MS, School Psychology candidates seeking to enter the PsyS, School Psychology program must maintain a minimum 3.7 GPA through their second Fall semester of study. The candidate’s academic performance and professional dispositions across settings will be evaluated by the faculty in the Department of Psychology and Counseling to determine eligibility for progression into the PsyS, School Psychology program. Students must submit an application letter, a quality graduate level writing sample, and an updated vita/resume to be reviewed by the Psychology and Counseling Graduate Admissions Committee. The review process will occur during the candidate’s second semester in the MS program. Candidates will be notified of the admission status to the PsyS program by the end of the first Spring semester in the MS program. Admission to the PsyS program is not guaranteed.

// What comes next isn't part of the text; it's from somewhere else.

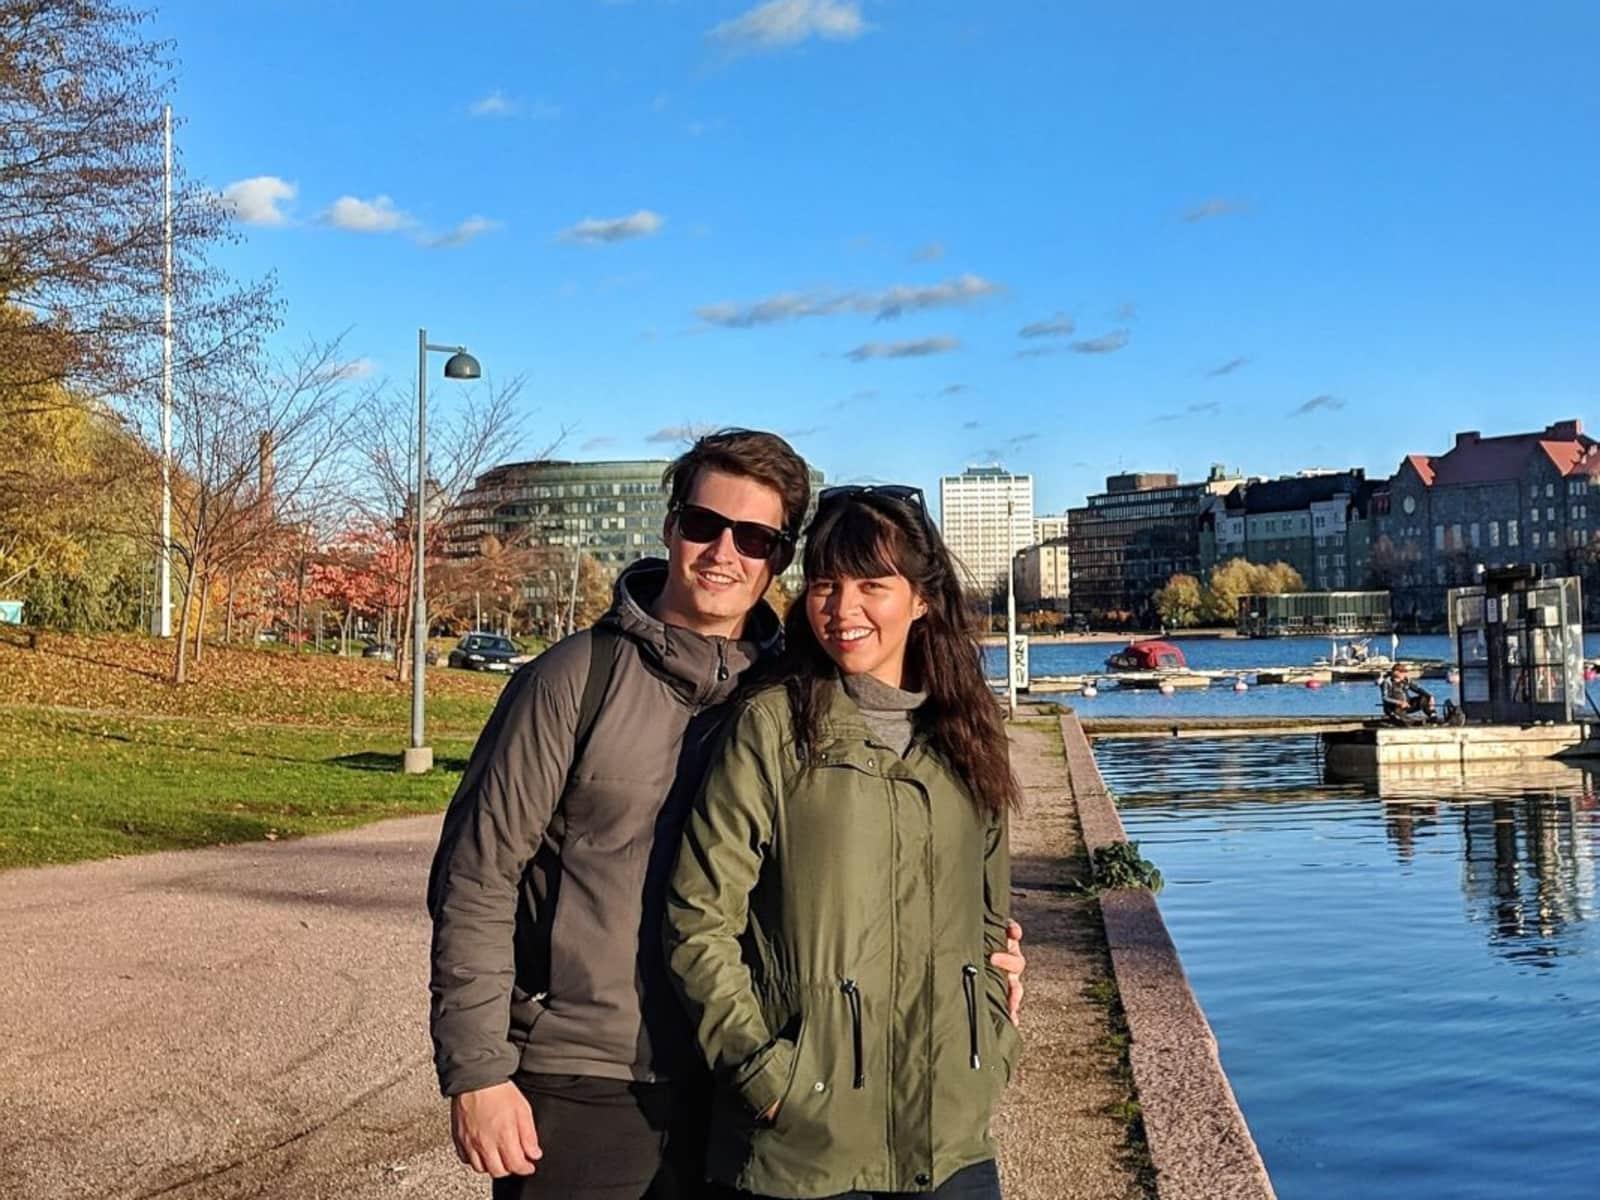 Melanie & Benjamin from Melbourne, Victoria, Australia

Applicants seeking direct entry into the PsyS, School Psychology program with a Master’s degree in a related field (e.g., School Counseling, Mental Health Counseling, etc) will be evaluated on an individual basis and must at minimum:

  • Submit three letters of recommendation and, where appropriate, one from a former college professor and one from an employer or supervisor who has observed the applicant in a professional setting.
  • Submit a concise, typed, two-page statement of professional goals, including why he/she wishes to respecialize with a degree in School Psychology, consistent with the purpose and focus of the program. One could also include specific training objectives and long-term career goals following graduation.
  • Demonstrate proficiency regarding academic performance. Applicants must have a minimum 3.7 GPA in graduate coursework, as recorded on official transcripts.
  • Indicate sufficient emotional maturity and stability to complete the rigors of graduate study as well as maintain ethical practice regarding client/student welfare. This includes, but is not limited to, openness and introspective ability regarding how applicant’s own issues impact his/her work as a professional in the field of Psychology.
  • Candidates will have an interview with the School Psychology Program Director and/or Psychology and Counseling Admissions Committee.

Admission Decisions

Following the completed application process, the Office of Admissions will inform the applicant in writing of the recommendation of the Admissions Committee. This recommendation may take one of four forms:

  • Accept: Registration for courses will be permitted and applicant will contact the Director of the School Psychology for an advising appointment.
  • Deny: Application has been denied at this time.
  • Conditional: Candidate’s full acceptance is contingent on submission of all admission requirements.
  • Provisional: Out of commitment to see the applicant succeed and because certain areas of perceived deficiency exist, the applicant is provisionally accepted. These provisions may include additional coursework, assignments or restrictions being successfully met before full admission is granted. The applicant will meet with the Director of School Psychology for advisement and to contract any provisions.

Applicants have one year (12 months) from the date of notification of acceptance or provisional acceptance to register for classes; failure to do so invalidates admission and the applicant must reapply, without guarantee of acceptance.